Obviously, tastes in literature change. You have only to pick up a novel by Dickens or Trollope or Thackeray to see that. Which is not to say that those writers aren't still being read. If the story and the characterizations are strong enough, a book can stay in print long after the author is dust in his or her grave. But that doesn't change the fact that someone writing exactly like Dickens or Trollope or Thackeray would have a hard time getting a book published today.

In fact, a fan of Jane Austen sent some of her work to agents and publishers and got soundly rejected or ignored. One hopes the folks who ignored it recognized the work, as the one assistant editor who chastised the fan about plagiarism clearly did. The folks who rejected it showed first that they weren't familiar with Austen and second that literature evolves. A classic can survive change but it has to take root in its own time.

There are occasional throwbacks. Jonathan Strange & Mr. Norrell read a lot like a 19th novel in that it was full of digressions, footnotes, and lengthy background chapters. But although that book garnered awards and sold reasonably well, almost everyone I asked about it said they had trouble "getting into the story." I listened to it as an audiobook as way around that, and found the story compelling and even funny in places.
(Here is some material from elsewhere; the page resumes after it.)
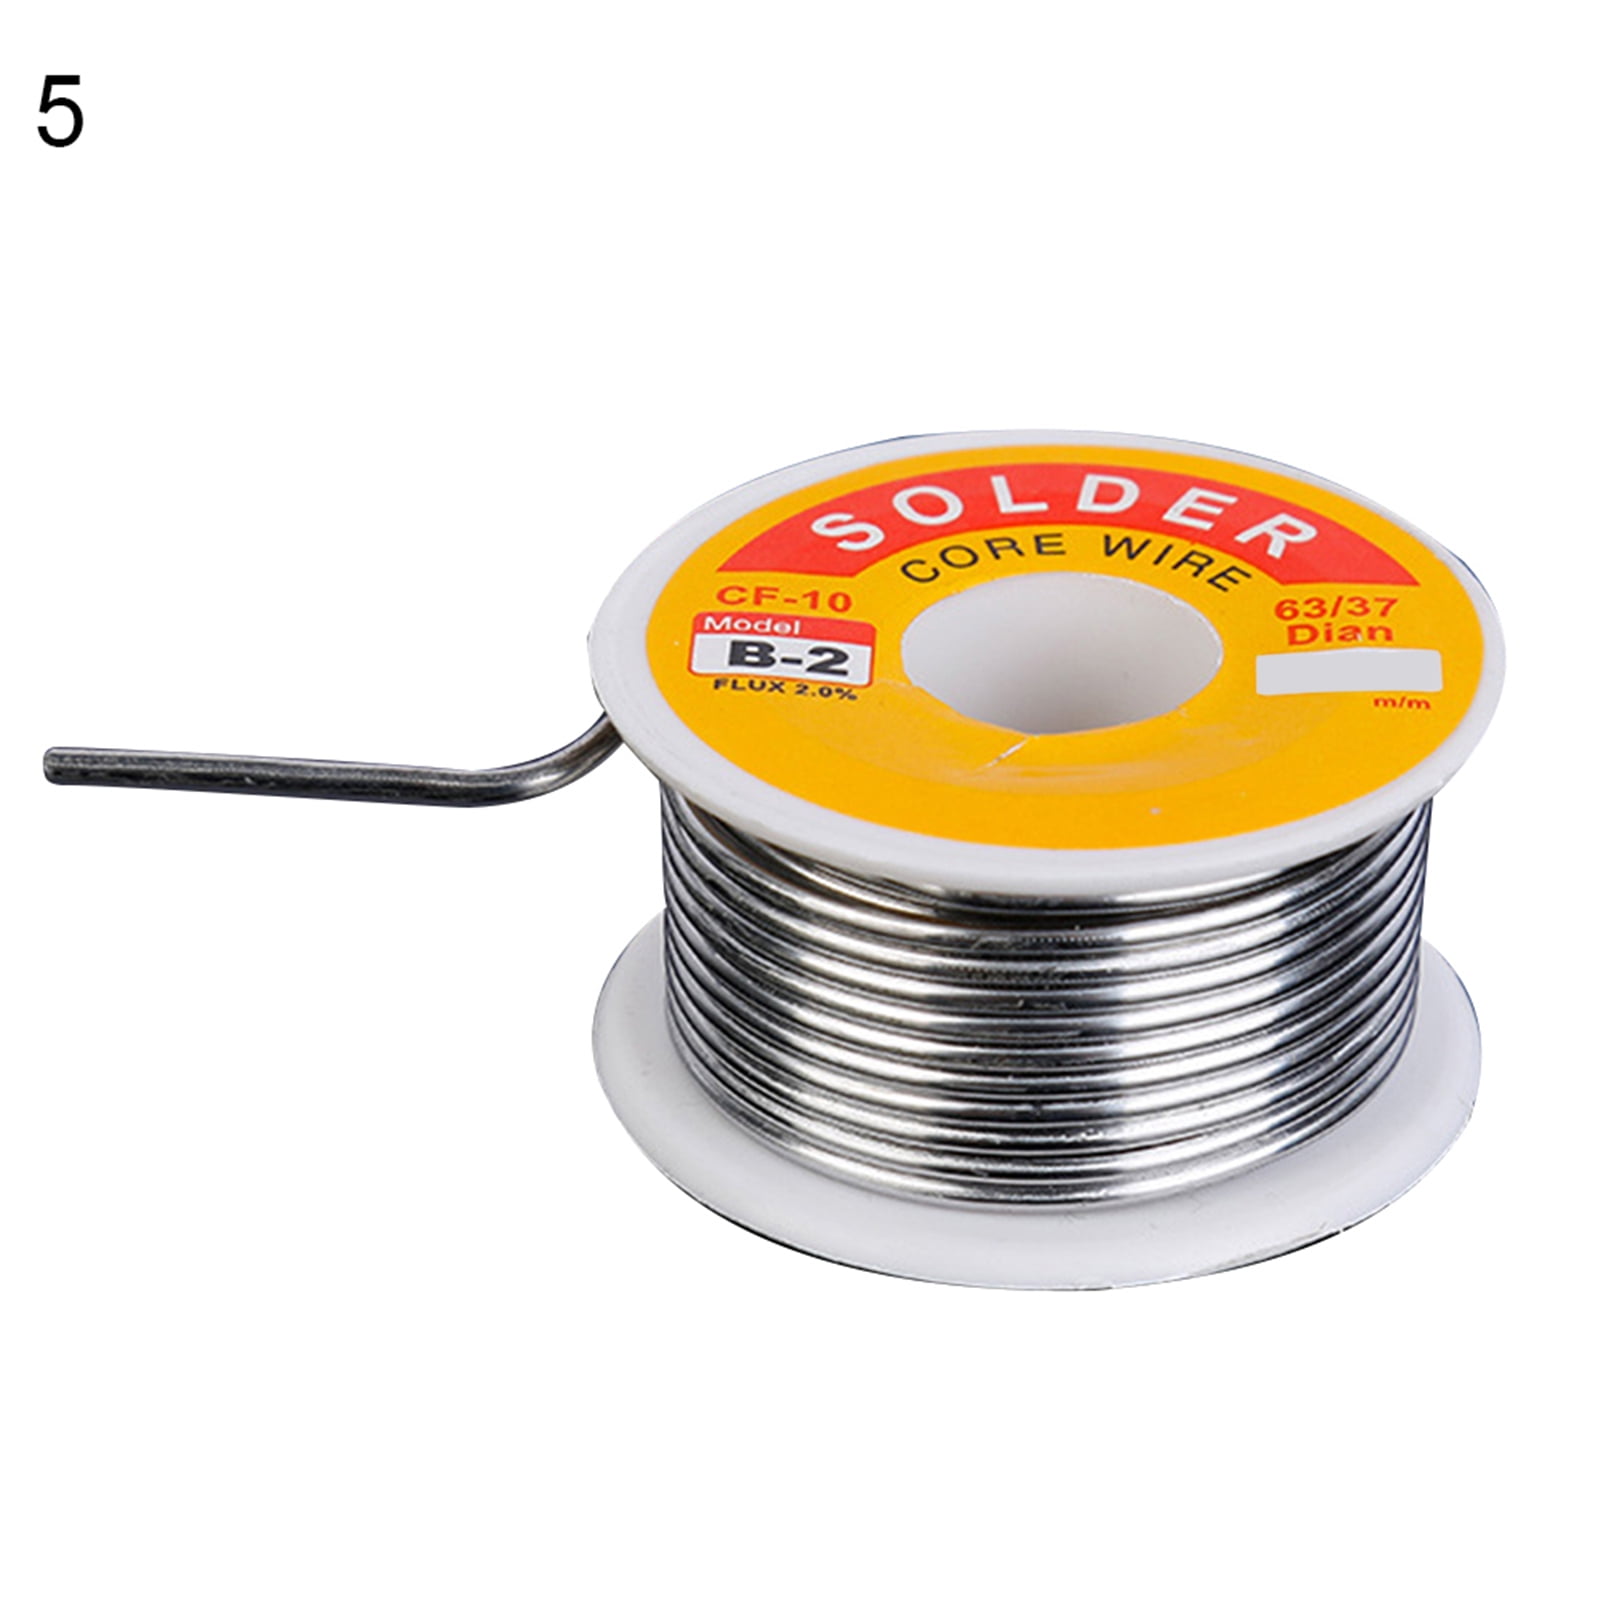 New 63/37 Tin Line Soldering 0.8mm Rosin Core Solder Flux Welding Wire Reel

My experience illustrates the fact that technology has intruded into something that had been the same experience for generations. For centuries if you wanted to read a book, you needed a physical copy of it, and either you had to read it, or another human had to read it to you. Now, in addition to print copies, a book can be recorded by the author or an actor, podcast, sold on CD or as a download, or sold as an ebook, and read on (or by) an eReader.

So, the act of "reading" has clearly changed. But in addition, what people do for recreation has changed. In addition to movies and TV, there are video games that are story-based. Books have a lot more competition. And the recent announcement of a new "digi-novel" that combines web-based videos with a printed novel could be the first of a new trend.

Or not. Movies are, to me, the screenwriter, the director, and the actors imposing their collaborative version of a story on the viewer. Books are a more one-to-one connection.

As a reader, the appeal of novels has always been the experience of immersing myself in a world that the author creates but that I alone inhabit. That is, the author relates the story, but my own experiences, thoughts, feelings, even prejudices, define how I interpret that world. My experience of a story may be very different from someone else's. I like that. As a writer, I create a world and people it with characters, telling a story I want to read myself. At the same time, this allows me to connect with someone who reads it and takes their own experience from my story. I love that.

Personally, I'm not eager for either the reading or writing experience to change.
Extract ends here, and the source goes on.